Meet our new Vice President of Sales and Business Development, Hans Radhoe

We are excited to announce the expansion of our team with our new colleague, Hans Radhoe.

Despite being a small company in the canal-ringed city of Delft, DENSsolutions has always been highly ambitious, with its sights set on disruptive growth and innovation. Keeping in line with this, we wanted to expand our team with someone who could lead our business development, with a focus on the discovery of new growth opportunities for the company and making our many visions a reality. We are happy to have found just the right person for this position – Hans Radhoe, our new Vice President of Sales and Business Development. With over 25 years of experience in business and development within fields such as life science and materials science, Hans has an extensive understanding of lead generation, advancing business strategy and the sales cycle process within diverse scientific markets. His role at DENSsolutions will focus on finding avenues of growth for the company and leading numerous aspects of the sales process, from prospecting and go-to-market strategies to customer relationship management. In this article, we have asked Hans to introduce himself so you can learn more about his education, experience and role at DENSsolutions. 

Meet Hans Radhoe

“My name is Hans Radhoe, and I was born in Suriname, a country in South America in the Amazon. At just 17 years old, I left Suriname with the bright intention to study medicine in the Netherlands. I had no knowledge at that time, however, that there was a lottery system in place in the Netherlands for being admitted into any of the medical schools in the country. As it turned out, I was not one of those selected to move forward in the admission process, which forced me to think of an alternative study to pursue.

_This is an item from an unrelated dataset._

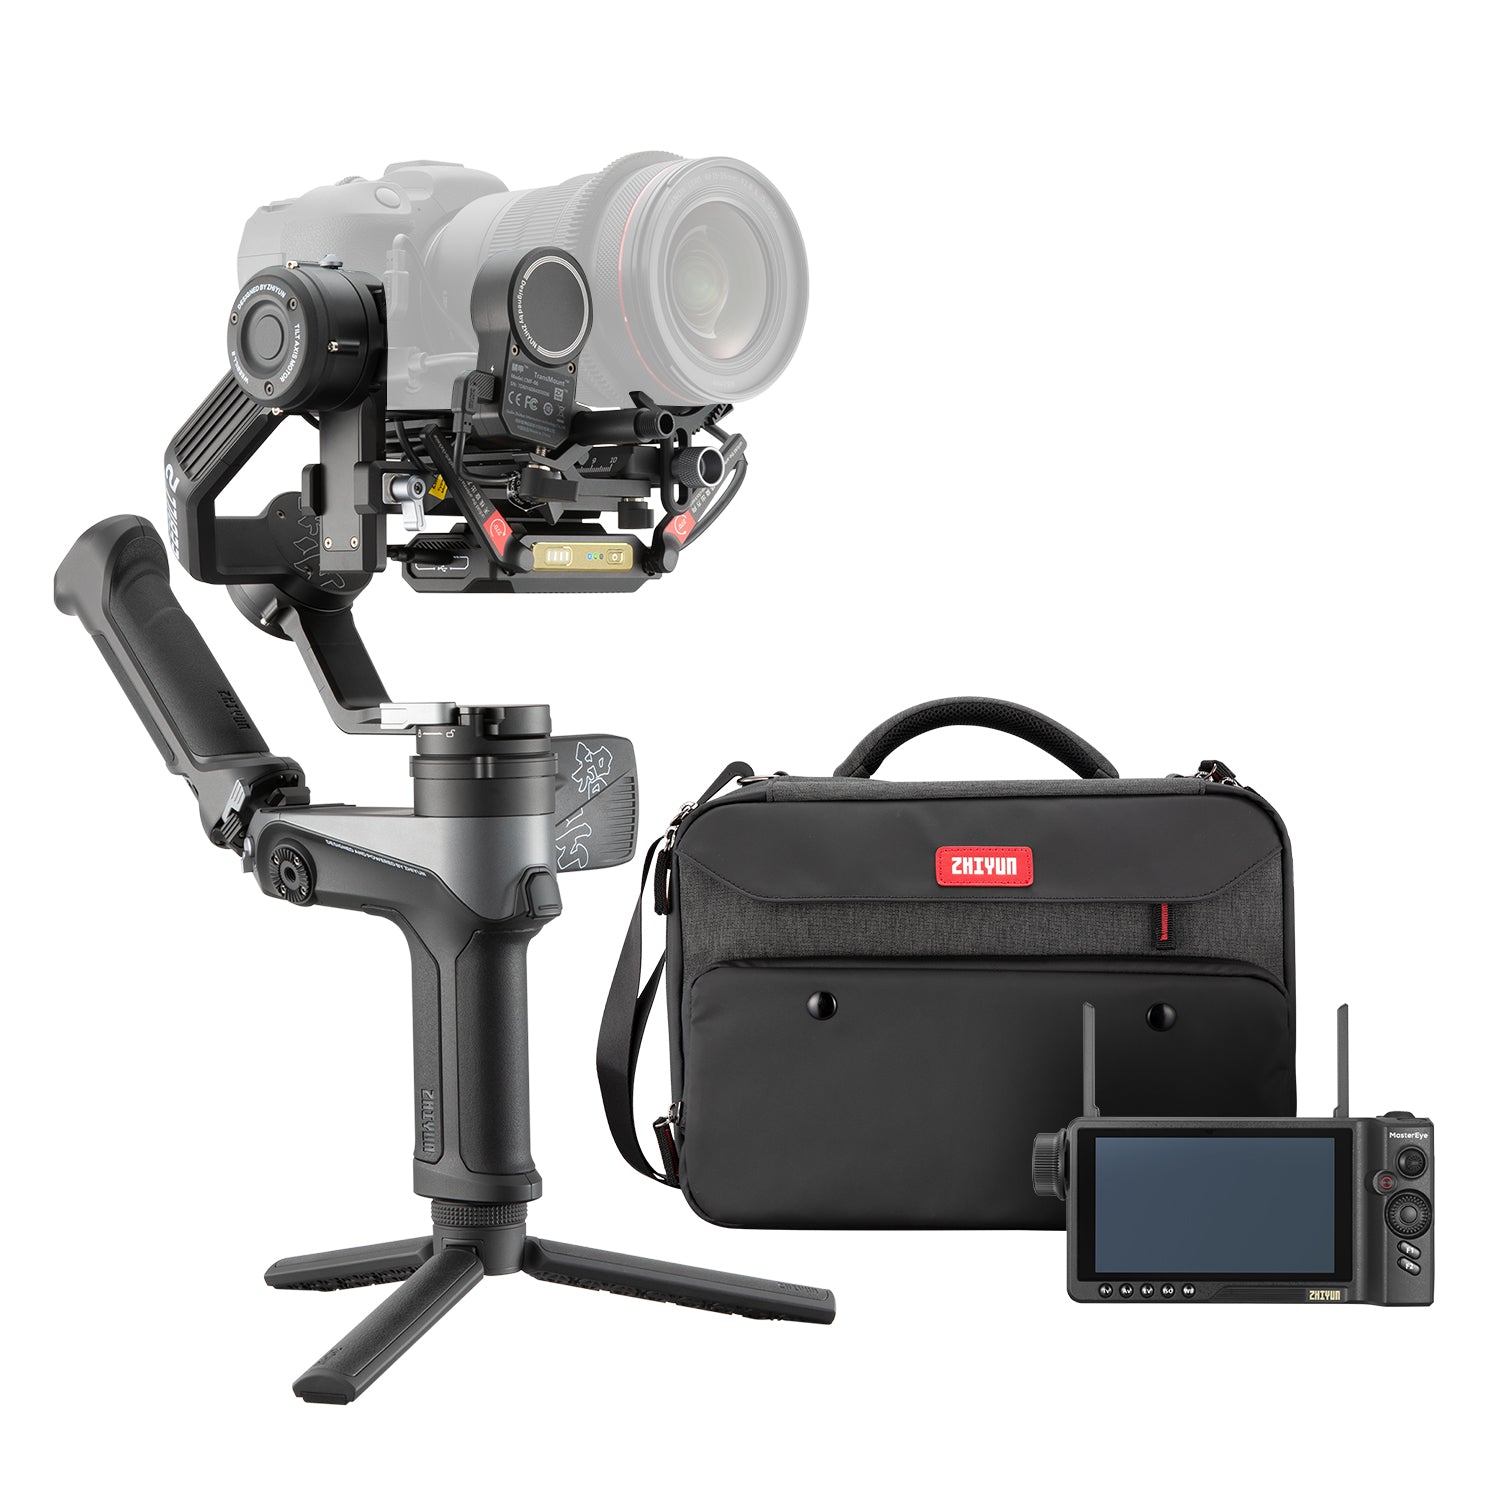 Buy Weebill 2 3-Axis Camera Stabilizer | ZHIYUN UK Store – ZHIYUN

This chain of events catapulted the start of my education in the field of biotechnology, which I studied at the Polytechnical Faculty in Delft. Studying biotechnology felt like an excellent choice for me since it not only piqued my interest, but was also a hot topic in the 80s and beyond. After finishing my Bachelor studies, my fascination with the environment led me to pursue a Master’s degree in Environmental Management at Open University in Heerlen, a small city in the southeast of the Netherlands bordering Germany.

After graduating, I took on a position for a couple years with the task of setting up a mycoplasma and virology lab in accordance with CGMP guidelines. In this role, I managed to upscale Mycoplasma testing services for the pharmaceutical industry. I then worked at Centocor in Leiden for a short while, which is a biotech subsidiary of Johnson & Johnson. During this role, I was responsible for the production of biologic drugs involving monoclonal antibody technology, such as Remicade – a drug used to treat a number of autoimmune diseases like rheumatoid arthritis. It was particularly during this role that I gained hands-on experience in cell and gene therapy. 

Shortly after, I made the switch from lab to business because I became more and more passionate about perceiving and fulfilling the commercial needs of others. During my business jobs, I realized how imperative it is to be able to listen intently and actively when in communication with customers. This encouraged me to take a Master’s in Counselling and Coaching, which is part of the Psychology study at the Radboud University Nijmegen. Although the intention of pursuing this Master’s was to use the knowledge learnt to enhance my communication with clients, I found myself applying it in the volunteer work that I did next to my job at the time. This volunteer work involved coaching cancer patients at the Nederlandse Federatie van Kankerpatiëntenorganisaties, which I happened to stumble upon when seeing an advertisement from the organisation on TV. 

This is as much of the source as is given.